Segundo Reginaldo Prandi (1997) o catolicismo, historicamente, tem sido a
religião majoritária do Brasil enquanto às religiões afro-brasileiras cabia o status de
religiões minoritárias. O candomblé, religião sincrética, opera em um contexto ético no
qual a noção judaico-cristã de pecado não faz sentido. Ao contrário das religiões
judaico-cristãs, nas quais, os fiéis devem ser piedosos para com o próximo para alcançar
a salvação e que “[...] a religião é fonte e guardiã da moralidade entre os homens, já que
deus é a potência ética plena e em si.” (PRANDI, 1997, p. 12). As religiões afrobrasileiras não procuram por salvação, procuram sim, realizar interferências nesse
mundo, por meio de forças sagradas vindas de “outro mundo”. Não há nas religiões
afro-brasileiras, segundo Reginaldo Prandi (1997), uma moralidade, uma noção de
ações do bem e mal, ou mesmo uma moral para todos os adeptos, como nas religiões
judaico-cristãs, essa noção vem por meio da relação entre o seguidor e o orixá, seu Deus
pessoal.
Mesmo não tendo no candomblé uma noção de moral como no catolicismo,
continuarei utilizando o termo moral para a religião negra pra designar o controle que o
orixá tem sobre o adepto da religião, entendendo que não se configuram da mesma
maneira nas duas expressões de religiosidade em estudo, mas desempenha o papel de
regras, ainda que, não resulte na consumação do pecado.
ADALGISA, MANELA E A REGULAMENTAÇÃO DA SEXUALIDADE
Nesse momento é preciso situar as personagens centrais dessa análise: Adalgisa,
Manela e Santa Bárbara, a do Trovão, verificando de que maneira os preceitos
moralistas negros, referentes à religiosidade de matriz africana, e os preceitos cristãos,
configuram a vida, atitudes e ações das referidas pessoas fictícias (CANDIDO, 2002),
assim como esses preceitos operam na regulação ou não da sexualidade das
personagens. Não pode deixar despercebido o significado e função da Orixá Iansã, ou
mais especificamente como é tratada no romance, Santa Bárbara, a do Trovão,
desempenha no que se refere à chamada ‘moral’ religiosa, consequentemente interfere
nas vivencias sexuais.
Ocorrido em Salvador, na década de 70, período da ditadura militar, o enredo do
livro O Sumiço da Santa gira em torno do desaparecimento de uma preciosa imagem de
“Santa Bárbara, a do Trovão”, que foi levada de Santo Amaro da Purificação para
Salvador, onde seria exposta em uma mostra no Museu de Arte Sacra.

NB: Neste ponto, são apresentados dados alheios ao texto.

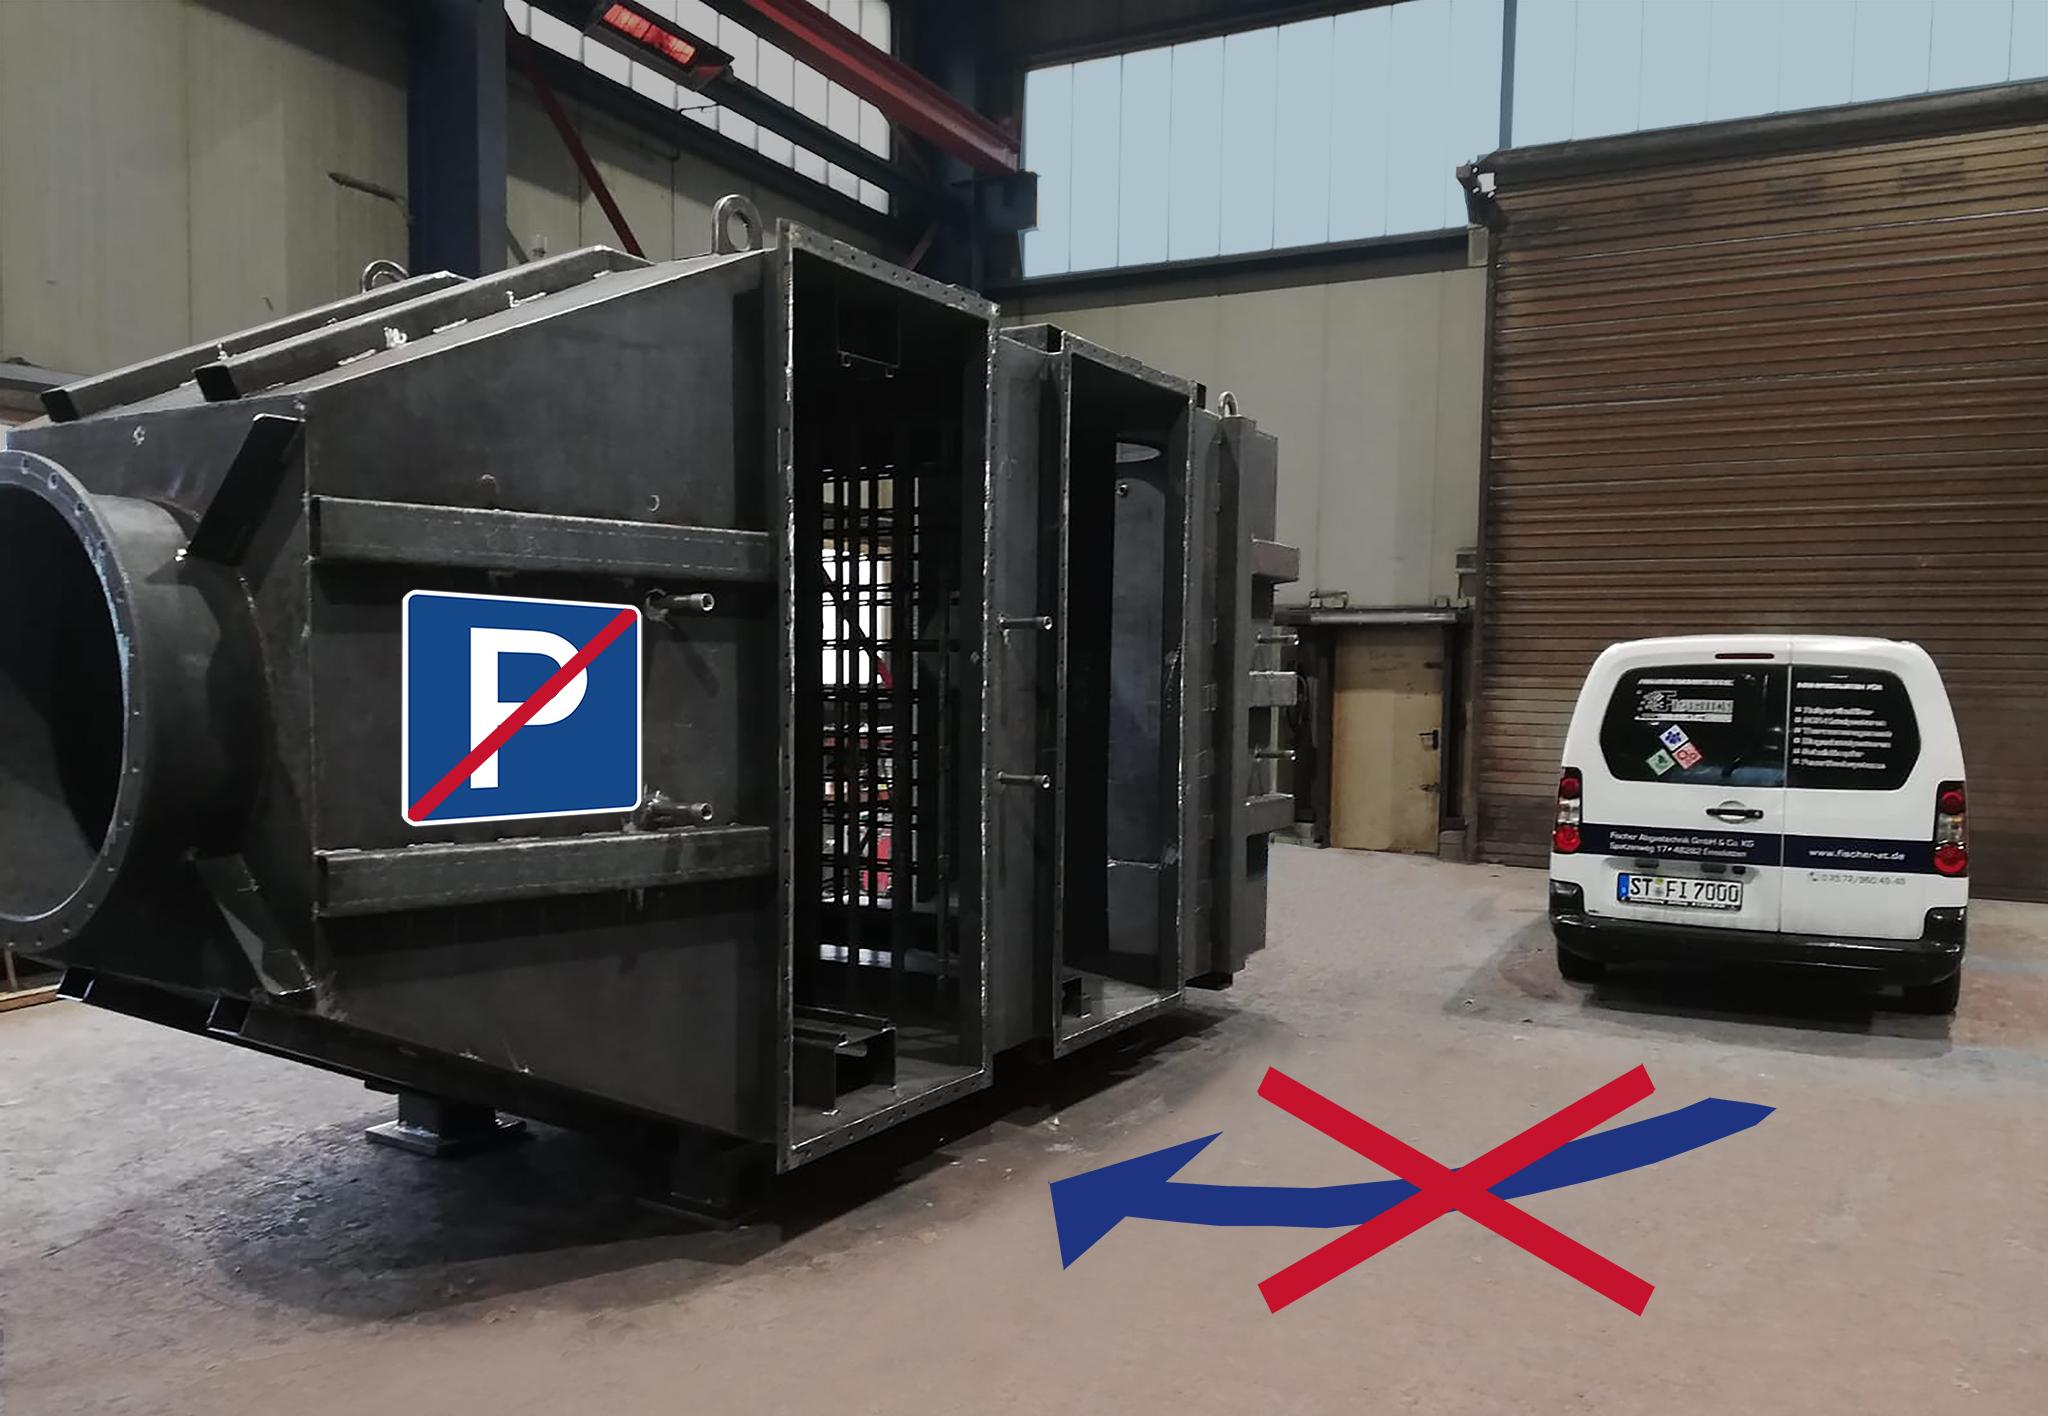 Das ist keine Garage - sondern ein Rußfilter ;-)

O desaparecimento da santa causou um rebuliço na cidade, entre as autoridades e
imprensa local. Acreditavam que fora um roubo, porém, na realidade, Santa Bárbara, no
momento do desembarque transformou-se em Iansã e saiu pelas ruas e Terreiros de
Candomblé de Salvador. Ela veio para a “Cidade da Bahia” com o propósito de libertar
Manela do cativeiro de sua tia Adalgisa, a quem iria ensinar a tolerância e a alegria.

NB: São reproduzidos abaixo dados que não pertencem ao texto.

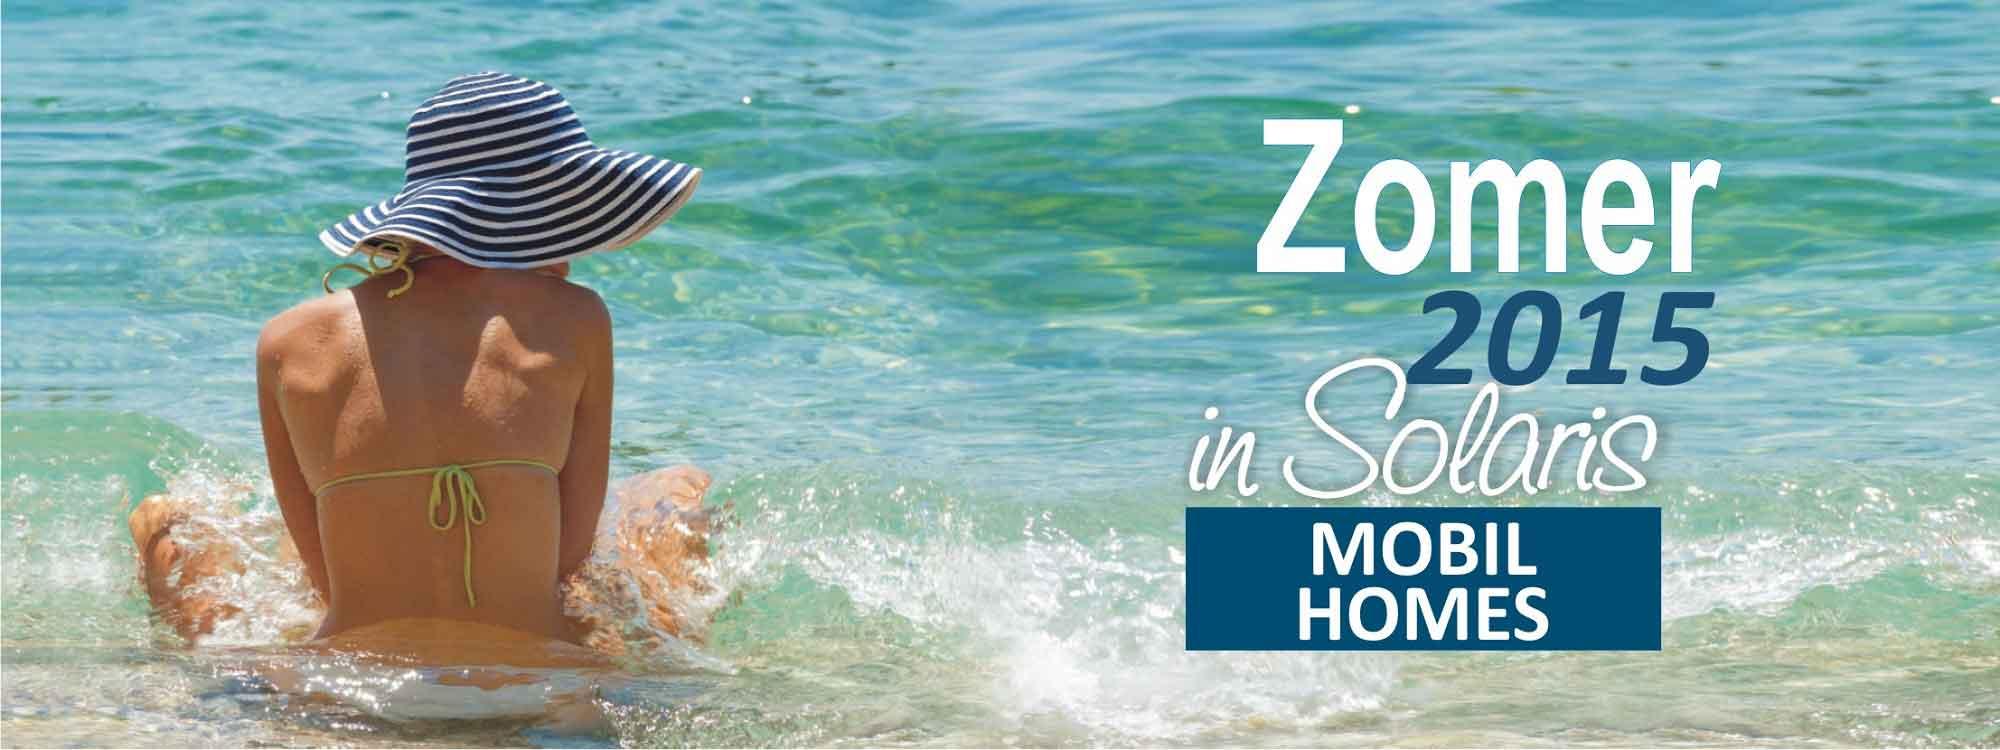 Zomer_2015_Solaris_Camping_Mobil_Homes1

Dentre as histórias paralelas à do desaparecimento de Santa Bárbara merece
destaque aqui, a relação não amistosa entre Adalgisa católica fanática e puritana, filha
de uma negra com um espanhol e sua sobrinha Manela, adepta do Candomblé. Adalgisa
Perez Correia considerava apenas seu lado espanhol, do lado paterno, não se queria
negra, preferia frequentar a igreja católica ao batuque dos Candomblés. “Pelo lado
paterno, os Perez y Perez, Adalgisa chegava em penitência das procissões da Semana
Santa de Sevilha carregando a cruz de Cristo – considerava apenas esse lado, não queria
saber de outro se outro houvesse.” (AMADO, 2010, p. 52).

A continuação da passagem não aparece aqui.